With the absence of light the familiar station became an unfamiliar nightmare.

"Ouch! Hey he's back here!" Josh called, rubbing a bloody scratch on the back of his hand.

"Shit! No he's not, he's over here, he just scratched me!" Bill cried out, as he tried to stem the flow of blood seeping down his forehead and into his right eye.

"Listen, he's over by the pit, I can hear him meowing!"

"Jerry", Josh called from the back of the station. "I smell gas!"

"Hey genius that's really something! Do you think this being a gas station might have something to do with that amazing phenomena?"

Josh ignored the sarcasm and continued his search. The cat, he knew, was near; it had almost tripped him when it darted between his legs after scratching Josh. Somewhere to his left Bill cursed and there was a crashing sound when he tripped over something in the dark.

"If it's in here we're not going to find it until the lights come back one," John snapped.

"All right, all right, come on back up front. We'll wait for a while and see if the lights are gonna come back on."

"I still smell gas, and it's not just 'cause this is a gas station either," Josh insisted.

"Yeah, I smell it too", another voice echoed through the dark, then the others chirped their agreement.

"Come on!" Jerry called, panic heavy in his words. He too smelled the thick dense order of raw gasoline.

Several consecutive flashes of lightening lit up the office when Jerry entered, and he could only stare open mouthed. The brothers filled the office behind him and together they all stared at the huge calico lying peacefully on Pete's cold lifeless chest.

"It's evil", Joe hissed.

"Shut up!" Jerry hissed quietly, he didn't want the animal getting spooked and running off again.

Karma watched Jerry move slowly across the space that separated them. Karma's purr filled the night, louder and louder until the brothers thought it would deafen them.
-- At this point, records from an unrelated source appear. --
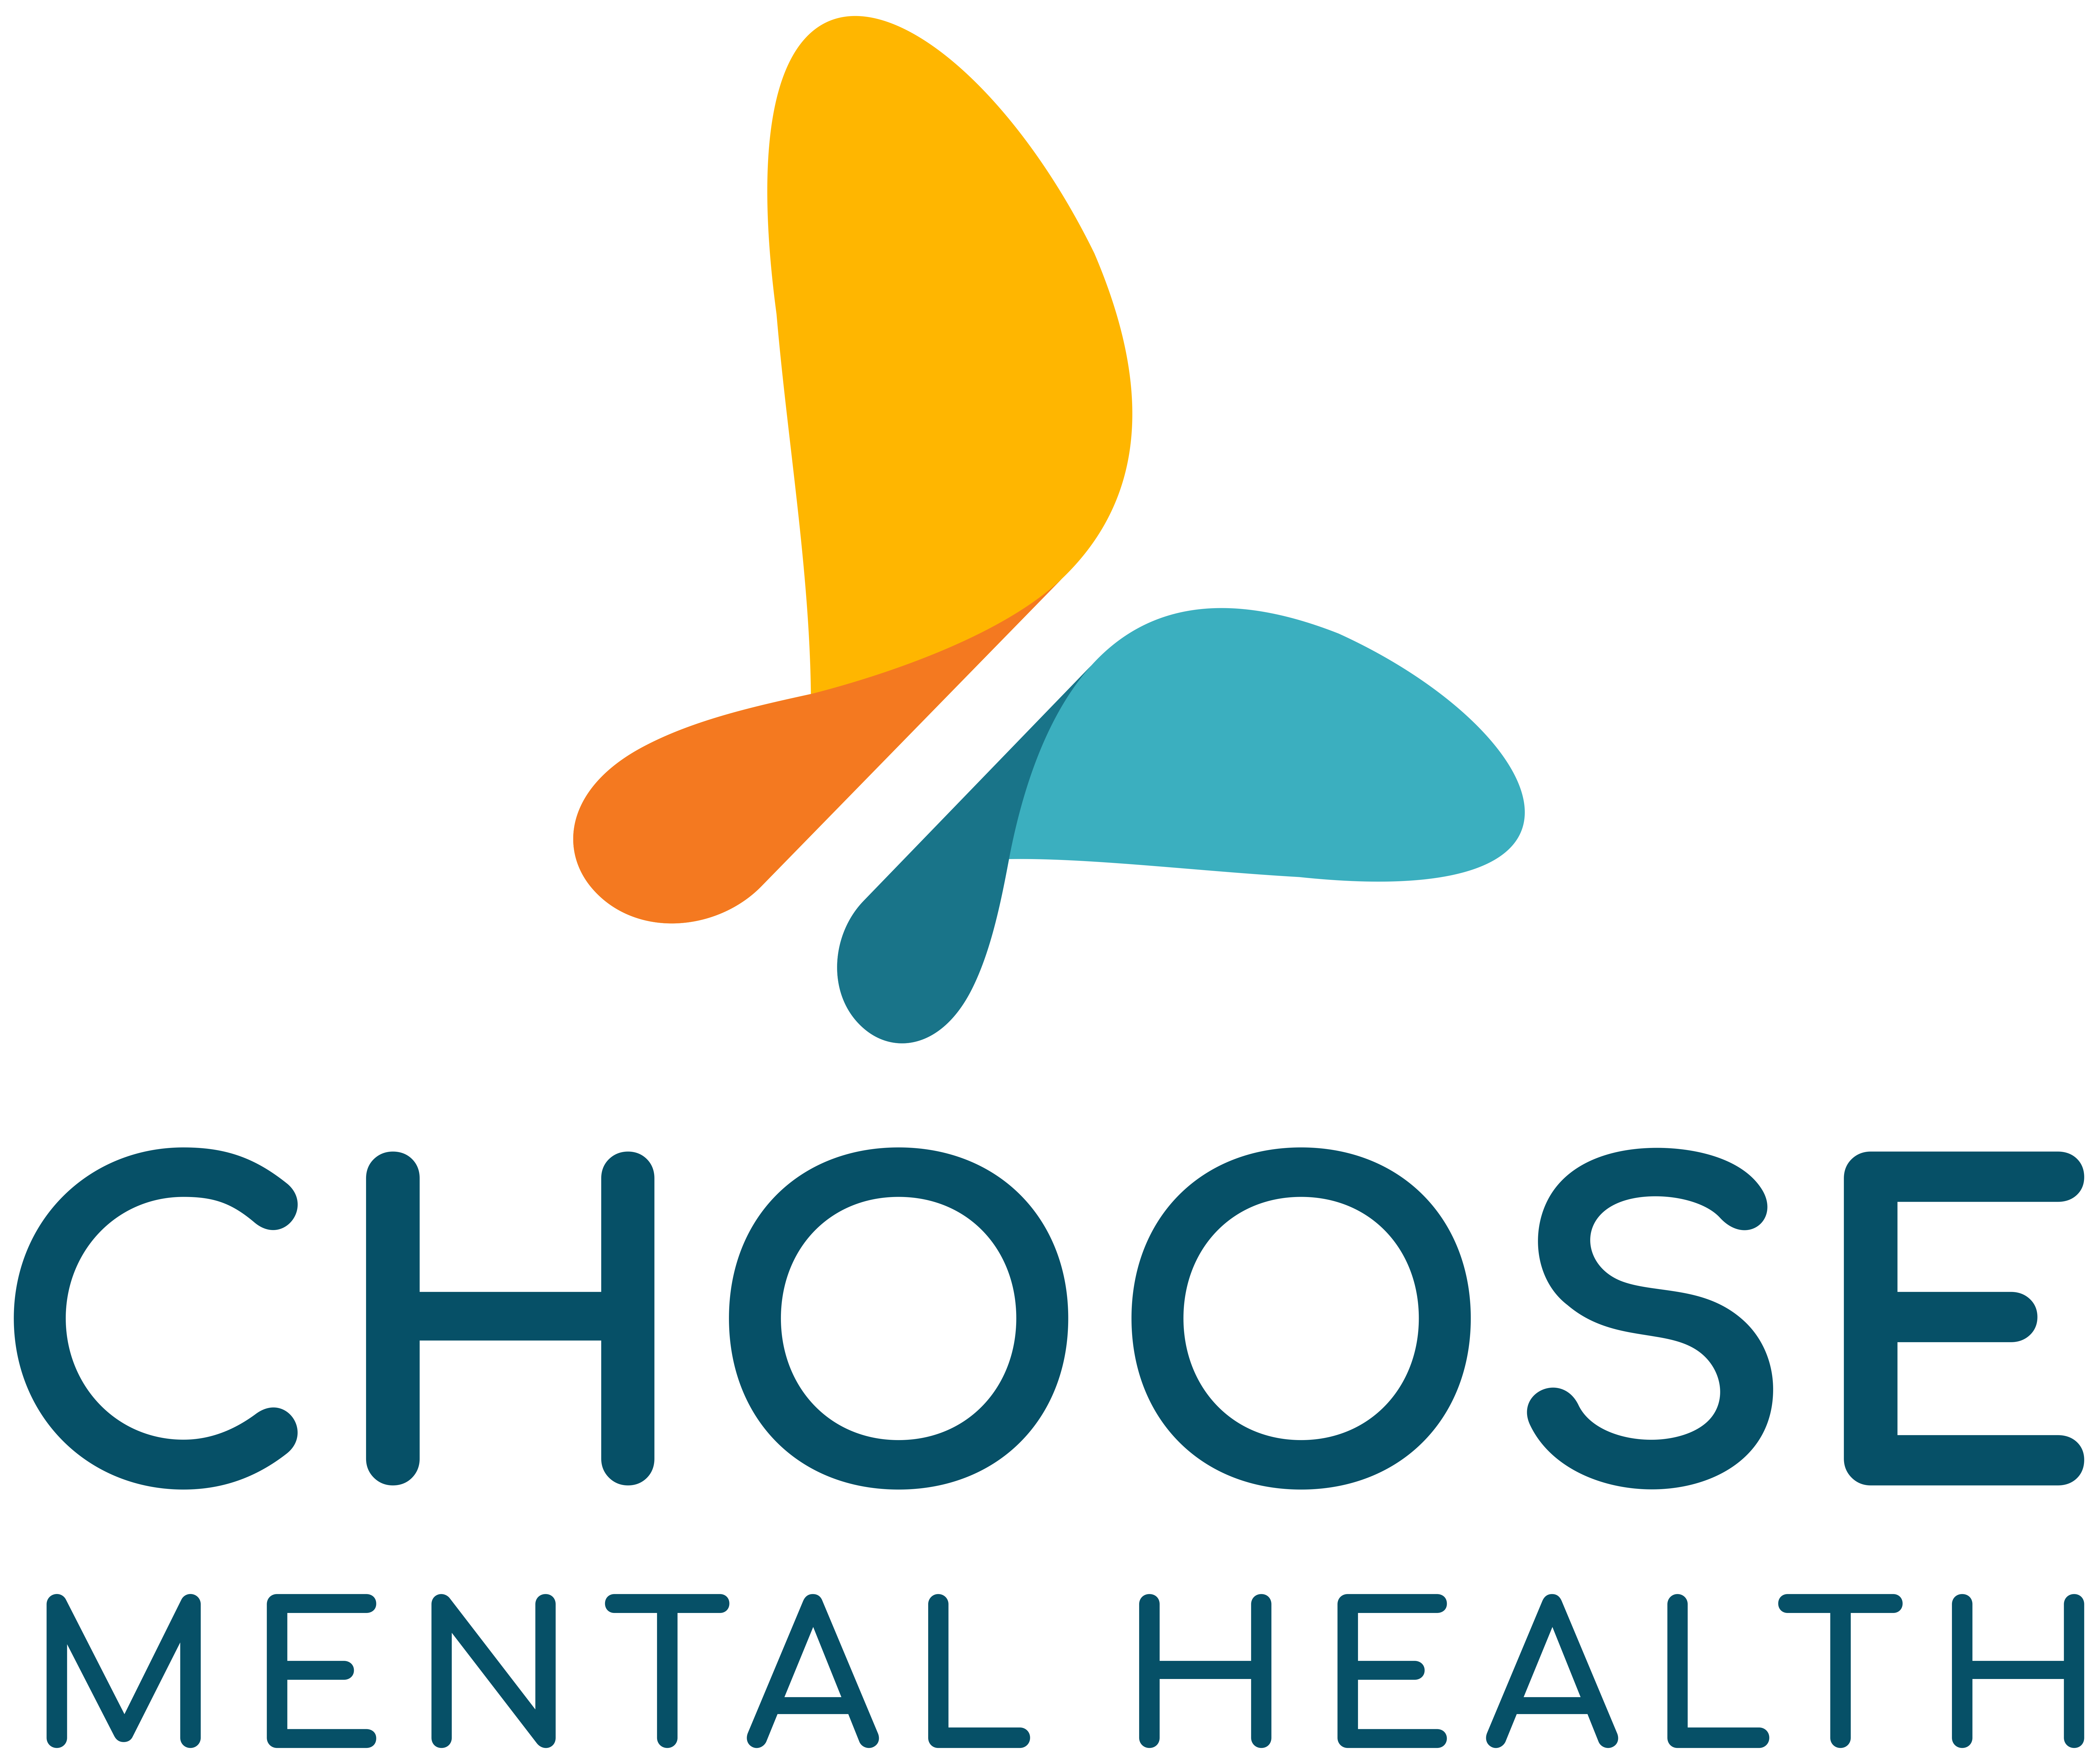 choose_mental_health_logo_icon.png
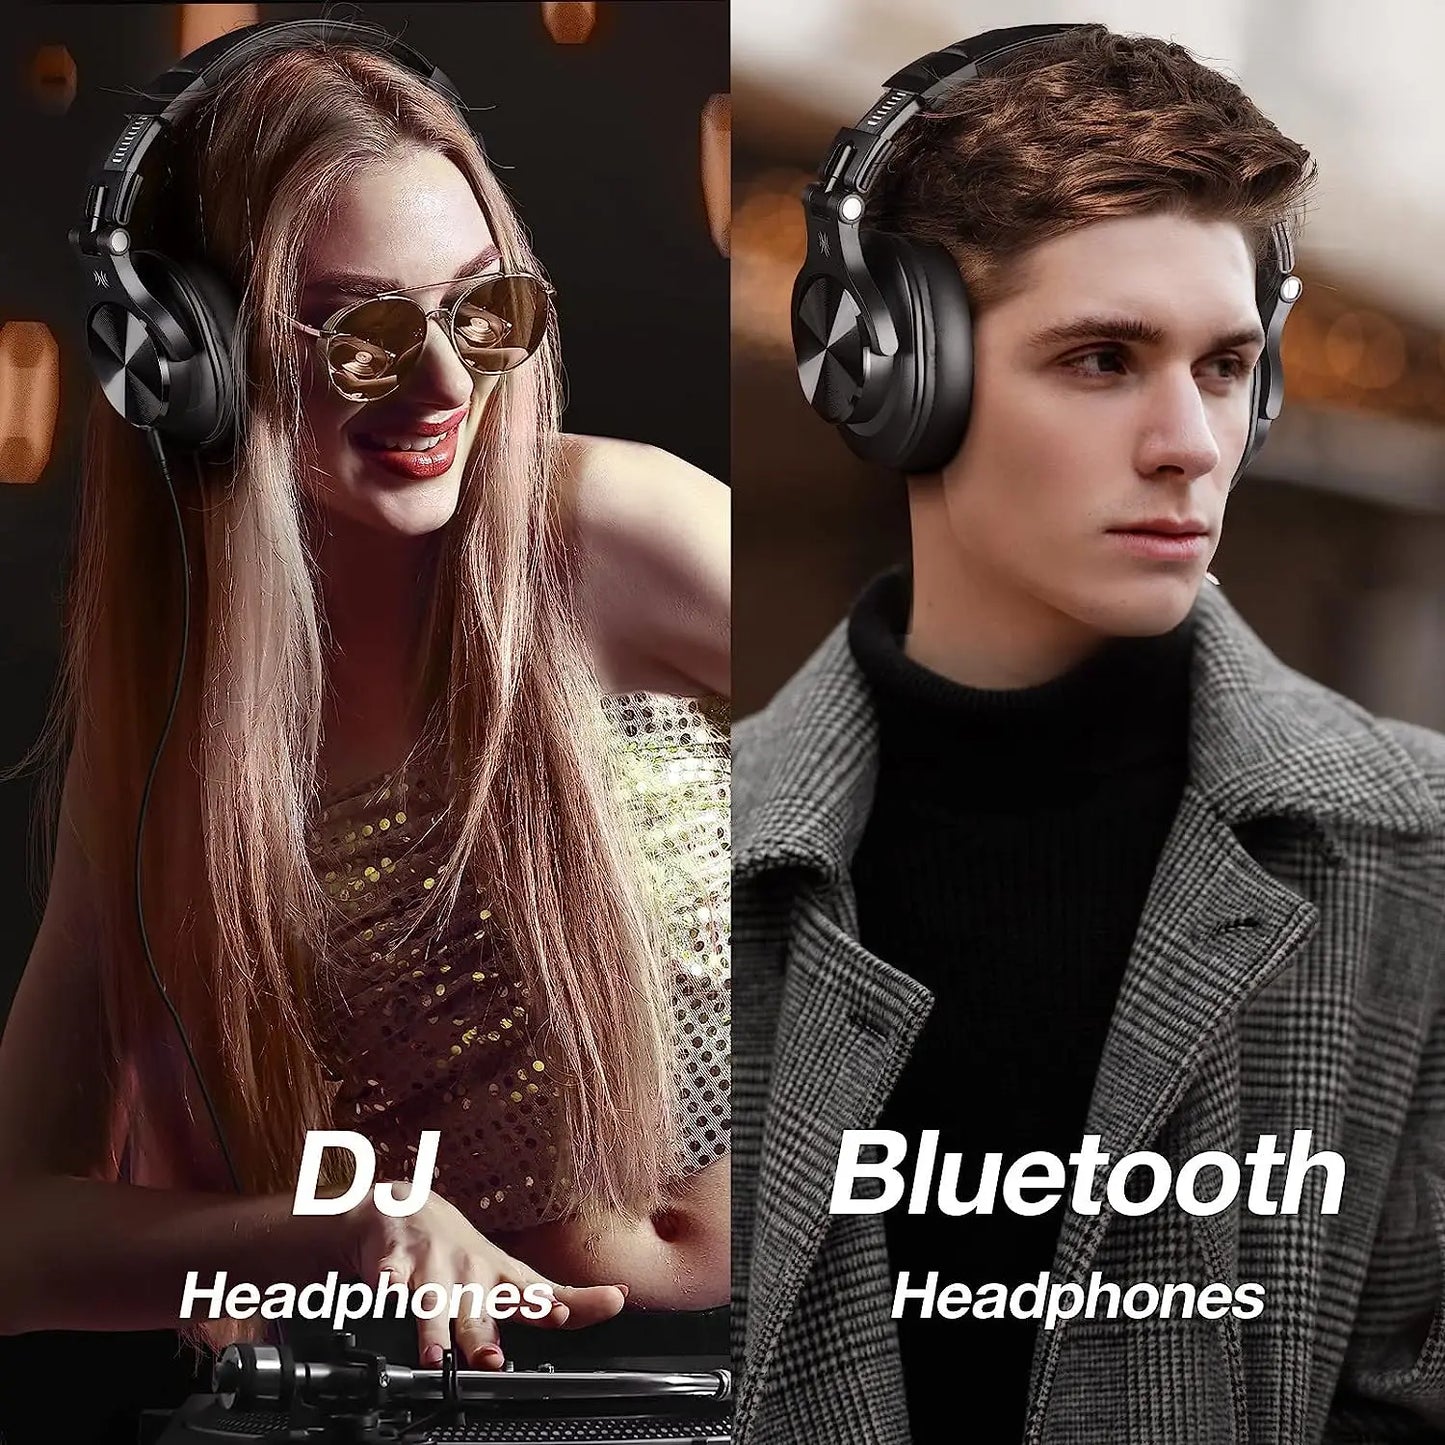 SoundPro 5.2: Bluetooth Hi-Res Audio Headphones
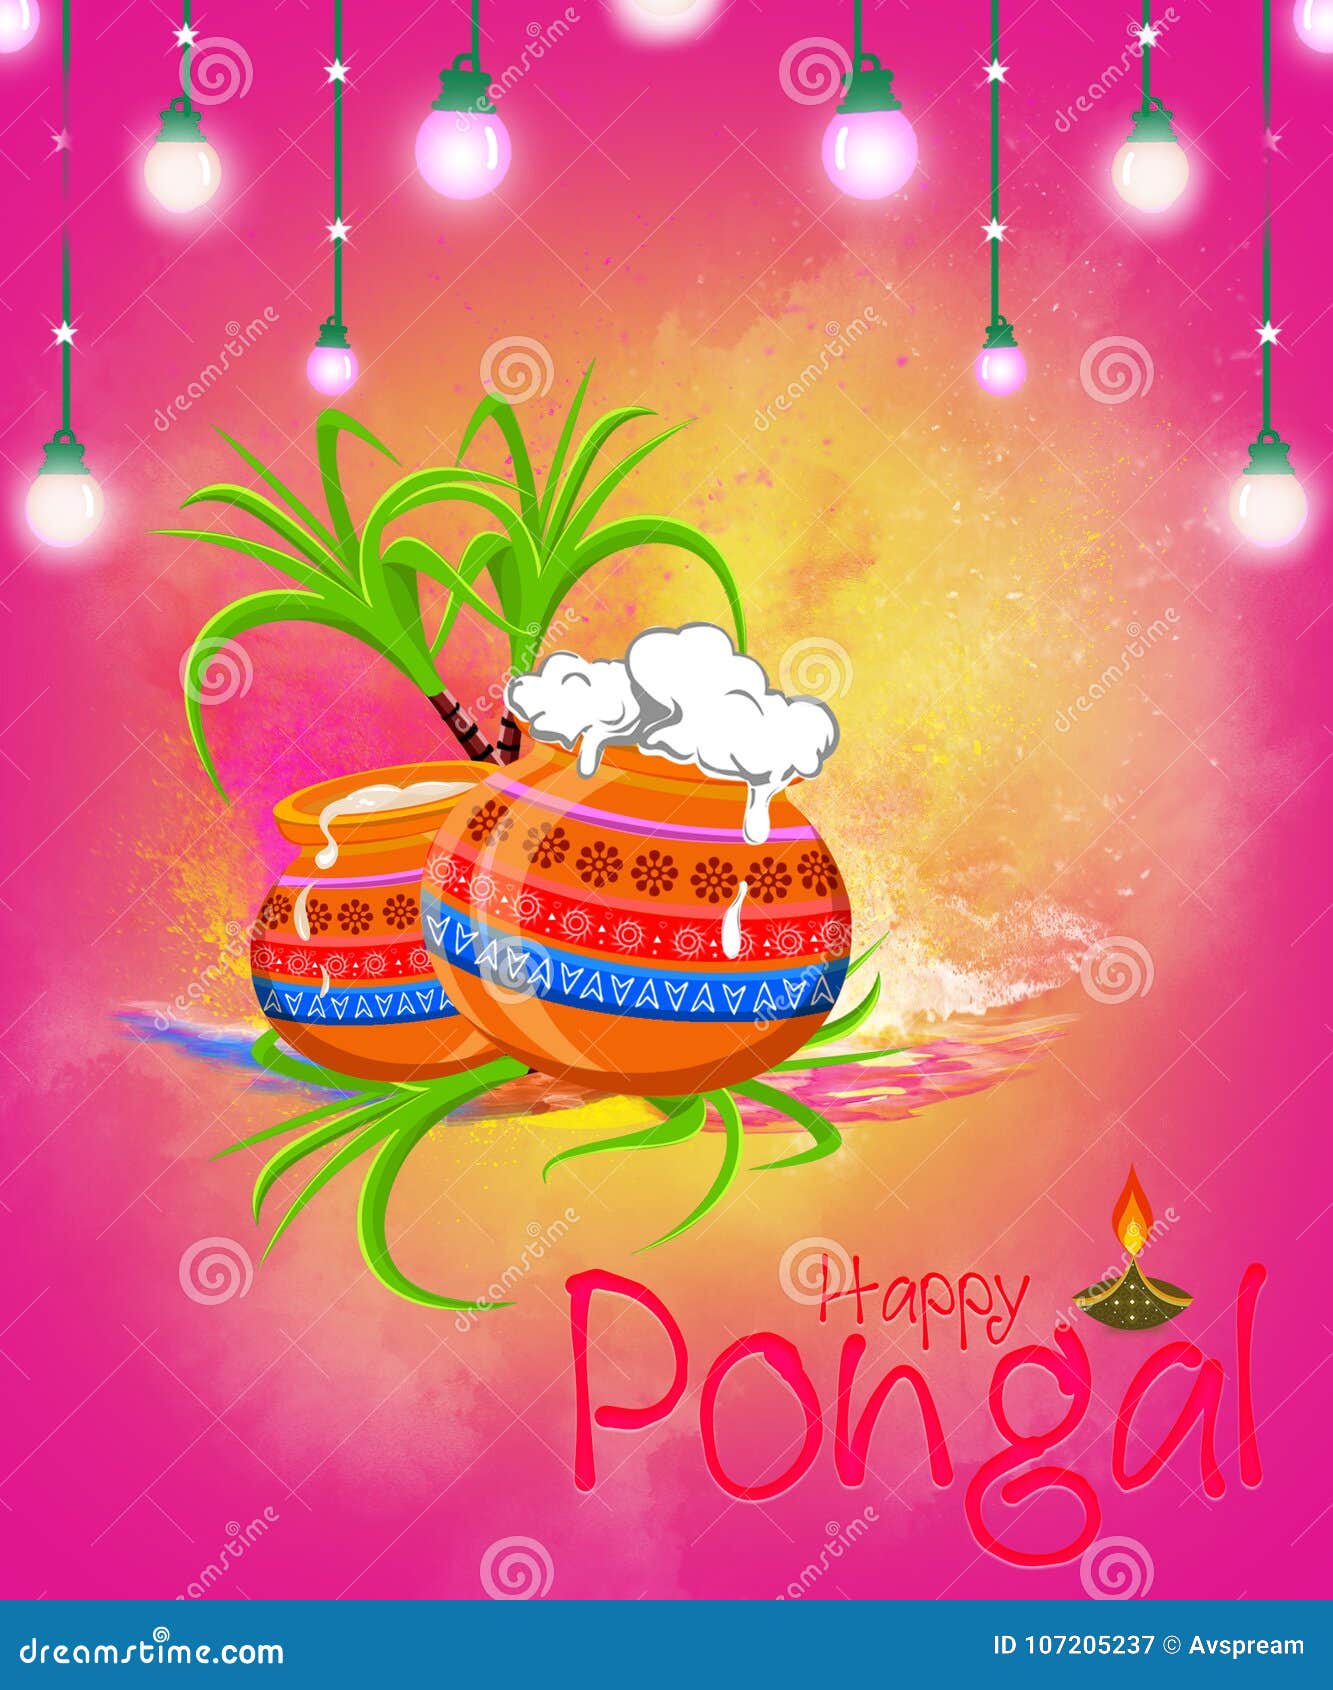 Illustration of Happy Pongal Greeting Background. Stock ...

Jerry kept his eyes on the cat as he moved slowly forward. In the dark he couldn't see the heavy-duty electrical cord stretched across the wet floor in front of him. Only when his foot caught in it did Jerry realize his error. The cat had out foxed him, out foxed them all. He almost laughed at the absurdity of it all. Six grown men bested by a little pussycat. Jerry knew as soon as the sparks began shooting out of the wall fixture that the electricity hadn't gone out at all.

In the glow of the flames Jerry saw the nozzle from one of the gas pumps gushing gasoline through the busted plate glass window. They stood all in a row like little tin soldiers while flames leaped and danced around them. A few feet away through the window they knew they'd never have time to reach, the Thomson brothers watched the huge calico cat flipped his tail and run across the street to the closed store where a pale face seemed to watch from within



When Chief Walters arrived at the Thomson house the next day he found Mrs. Thomson lying quietly in bed surrounded by some twenty odd cats. She smiled when she explained to him how her cats were the only creatures on earth that really needed her. Her stepsons? They only tolerated her 'cause their daddy left the house and station to her. "He knew them boys were bad, but they were his blood so he let them stay. They never cared about me like my cats do, especially this one", she smiled, stroking the huge calico's back. "He's new here, but already he's my favorite."

Walters started to say something but changed his mind when Karma looked up at him, and instead said, "That's a mighty fine animal, Mrs. Thomson, you take real good came of him and I'm sure he'll take care of you too."